34th and 37th Mayor of Surrey
- In office November 5, 2018 – November 7, 2022
- Preceded by: Linda Hepner
- Succeeded by: Brenda Locke
- In office 1996 – December 5, 2005
- Preceded by: Bob Bose
- Succeeded by: Dianne Watts

Personal details
- Born: April 19, 1944 (age 82) Vancouver, British Columbia, Canada
- Party: Safe Surrey Coalition
- Other political affiliations: British Columbia Social Credit Party Surrey Electors Team Conservative Party of Canada
- Occupation: Politician

= Doug McCallum =

Canadian politician (born 1944)

Doug McCallum (born April 19, 1944) is a Canadian politician who was mayor of Surrey, British Columbia, from 1996 to 2005 and from 2018 to 2022.

McCallum was first elected to a seat on Surrey City Council in 1993. During this term he served as Chair of the Finance Committee and sat as a member of the Parks and Recreation Commission and the Library Board. He was re-elected in the October 20, 2018 local elections in British Columbia. He was defeated in the 2022 election.

== Background ==
McCallum was first elected to Surrey City Council in the 1993 election representing the Surrey Electors Team, a party which included members of the Social Credit Party of British Columbia.

Doug McCallum was elected mayor in the 1996 election. He was seen as having pro-business and pro-development views, and campaigned on enhanced public safety and enacting the zero-based budgeting model in municipal governance to achieve zero-increase property taxes, which was a misstatement about the purpose of zero-based budgeting, which operates similarly to the planning-programming budgeting system but rather than submitting the previous operating numbers, departments or units submit zeros and councils determine a new figure.

He won re-election as Surrey's mayor in the 1999 and 2002 municipal elections.

McCallum ran again for a fourth term in the 2005 municipal elections but was soundly defeated by his emergent rival, Dianne Watts, a former fellow member of his party, the Surrey Electors Team.

McCallum then sought the Conservative Party nomination for the 2006 Canadian election in the riding on Newton—North Delta, after the incumbent Gurmant Grewal stepped down. McCallum missed the deadline and instead the Conservatives chose Phil Eidsvik.
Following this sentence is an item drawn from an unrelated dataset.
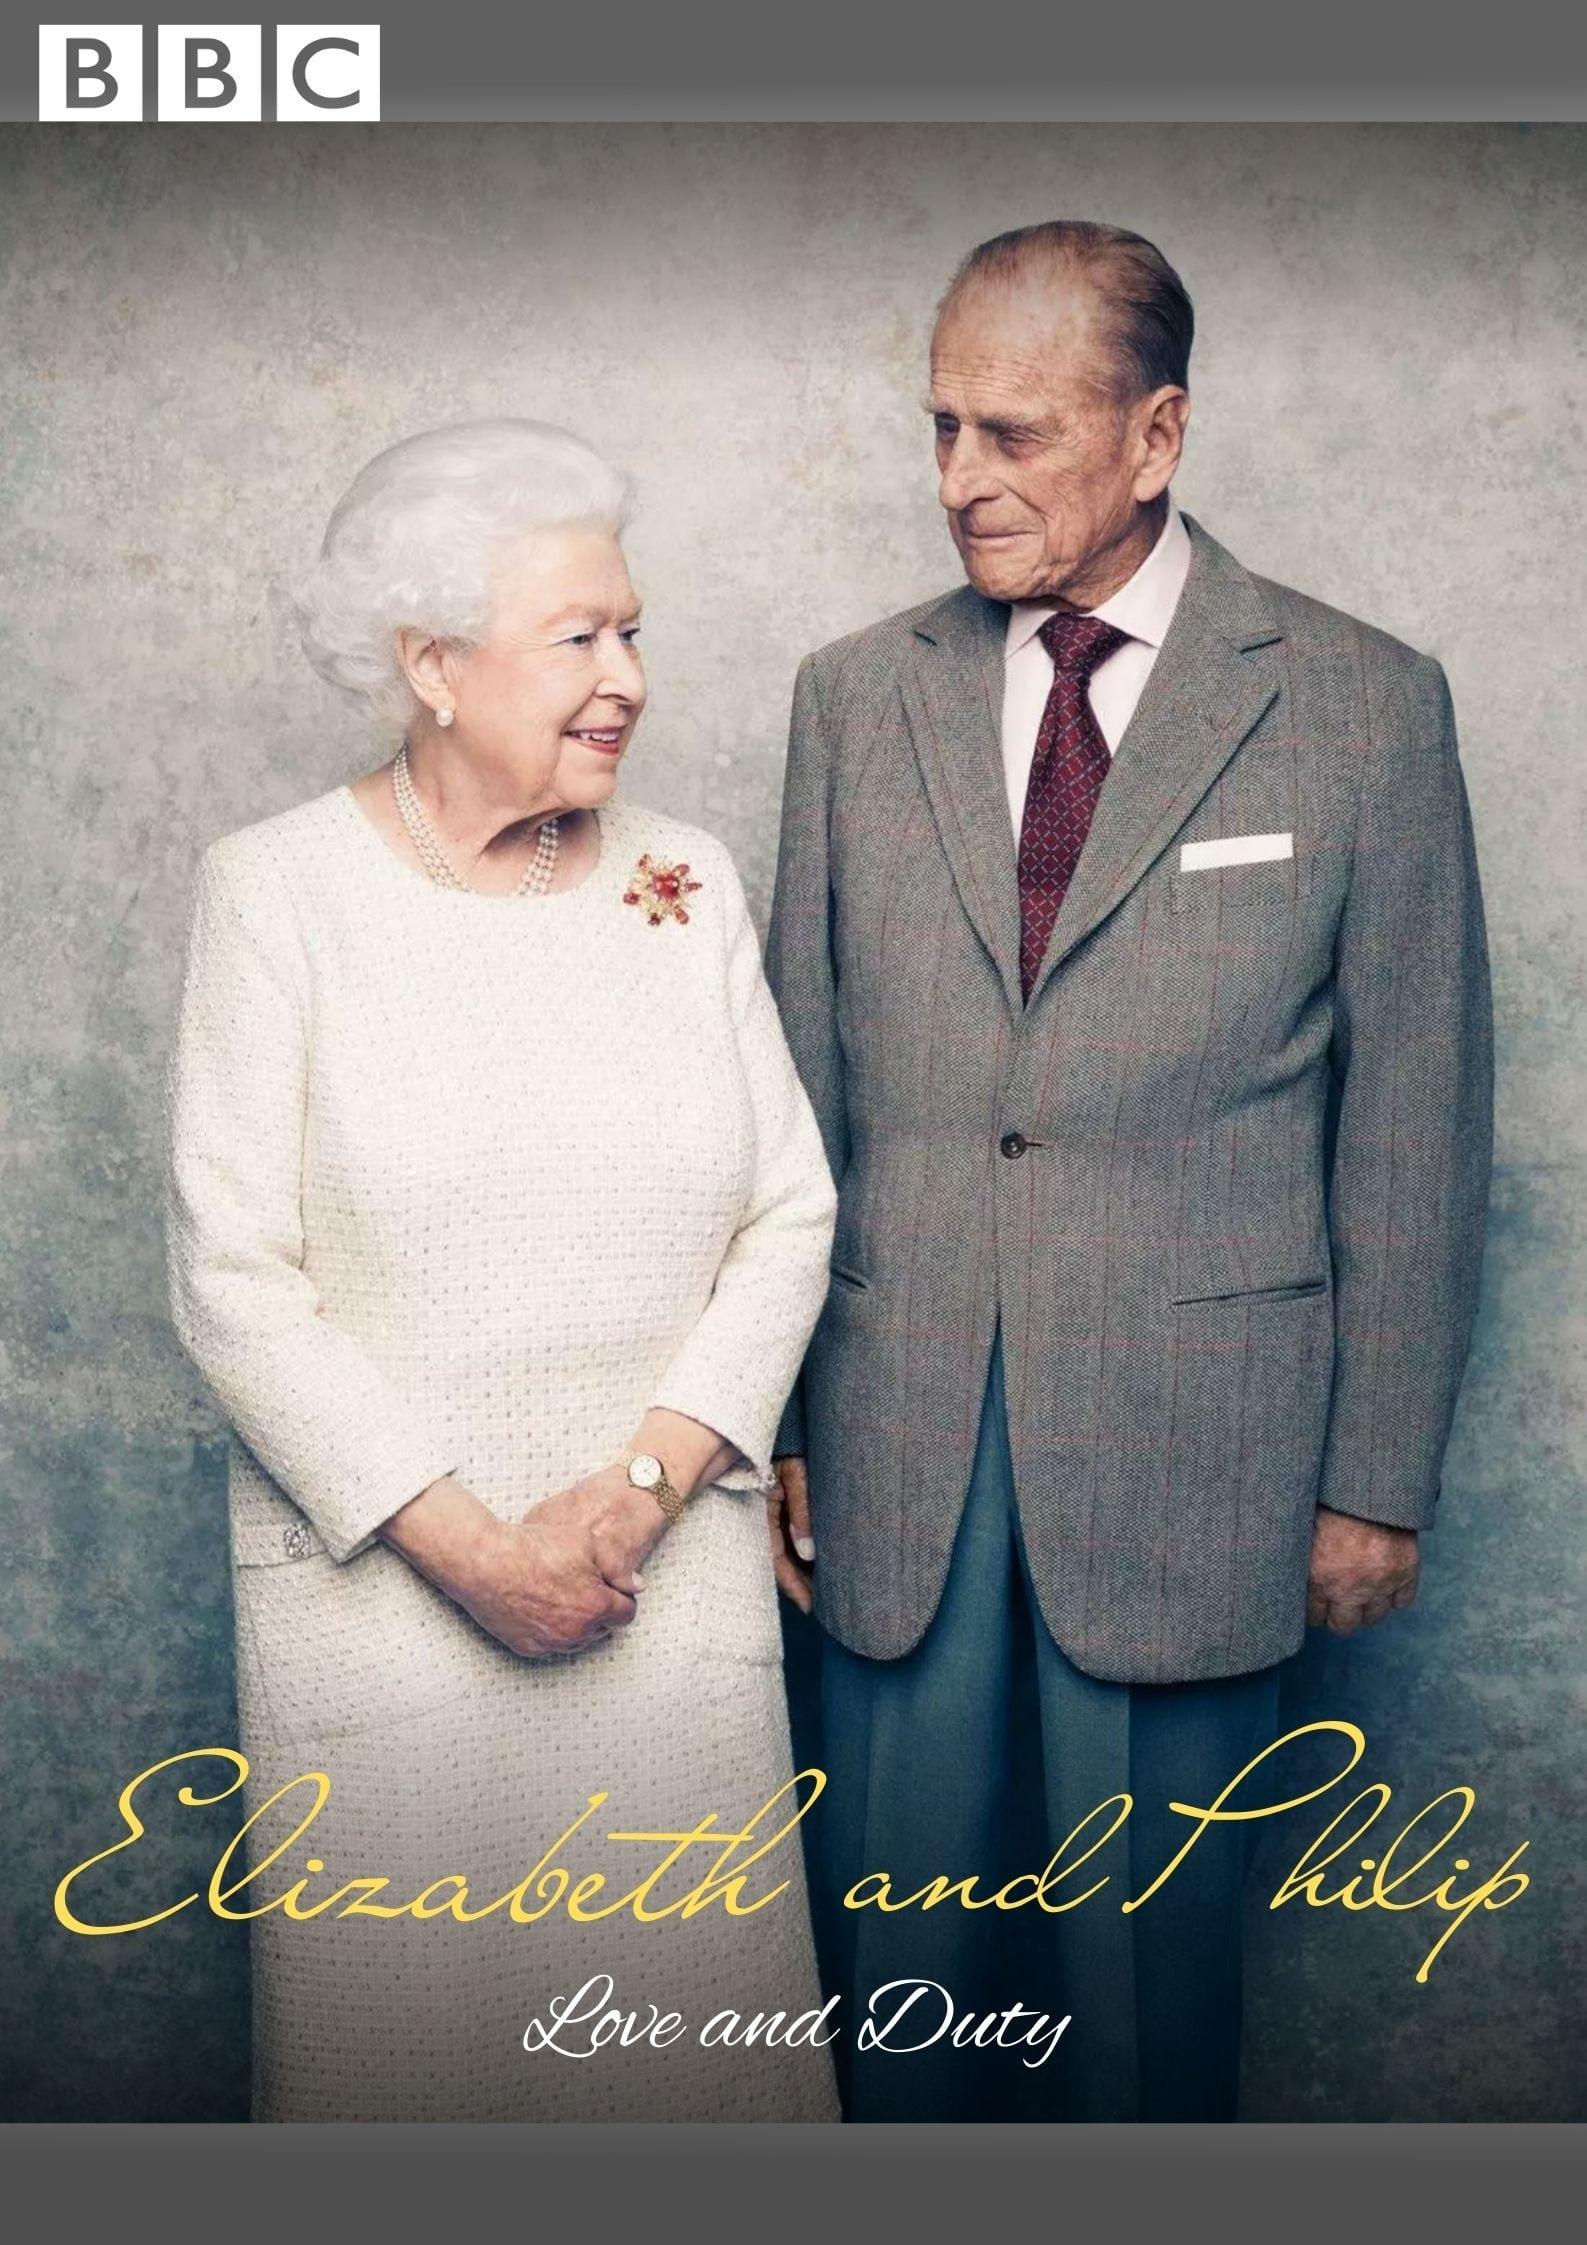 Elizabeth & Philip: Love and Duty poster

In 2010, McCallum was hired as CEO of Harness Racing of B.C.

After Watts announced she would not seek re-election in 2014, McCallum announced his intention to run for the position in the November 2014 election. Part of his Safe Surrey Coalition campaign included resistance to the city's renovating Newton Athletic Park to recruit the USL Pro team of the Vancouver Whitecaps FC. McCallum lost to Watts' successor, Linda Hepner, coming in second place with 26.97% of the votes.

In 2018, McCallum sought to get elected after previous Surrey Mayor, Linda Hepner, said that she wouldn't seek re-election. Surrey First appointed then city councillor Tom Gill to run the Surrey First slate. In McCallum's Manifesto for his Safe Surrey Coalition slate, he pledged to replace Surrey's planned Light Rail Transit system with expanding the already existing SkyTrain network connected to Vancouver and the rest of the lower mainland. His plan would see the Expo Line extended from King George station to Langley. He also argued that Surrey's RCMP operated by the Canadian federal government is ineffective at combating crime, especially the growing gang problem in North Surrey. He promised to create a new municipal "Surrey Police Force", which would operate off of pre-existing equipment and facilities. On October 20, 2018, McCallum was elected for his fourth term as the mayor of Surrey.

In 2020, McCallum gained criticism in the media when he refused to allow Uber drivers to operate in the city of Surrey. McCallum said that the reason for the ban on Uber drivers was done so in order to protect the jobs of the cab drivers working in Surrey. As part of the ban against Uber, any Uber driver that was caught driving within the Surrey city limits while driving a passenger would have to pay $500.

On December 12, 2021, McCallum was charged with public mischief because of a parking altercation with people against the Surrey Police Department in which he accused a woman driving a Ford Mustang of rolling over his foot. In November 2022, he was acquitted of the charge.

On October 15, 2022, McCallum was defeated in Surrey's mayoral election, and was replaced by councillor Brenda Locke. Following his defeat, McCallum allegedly returned a city-owned SUV with "significant" damage.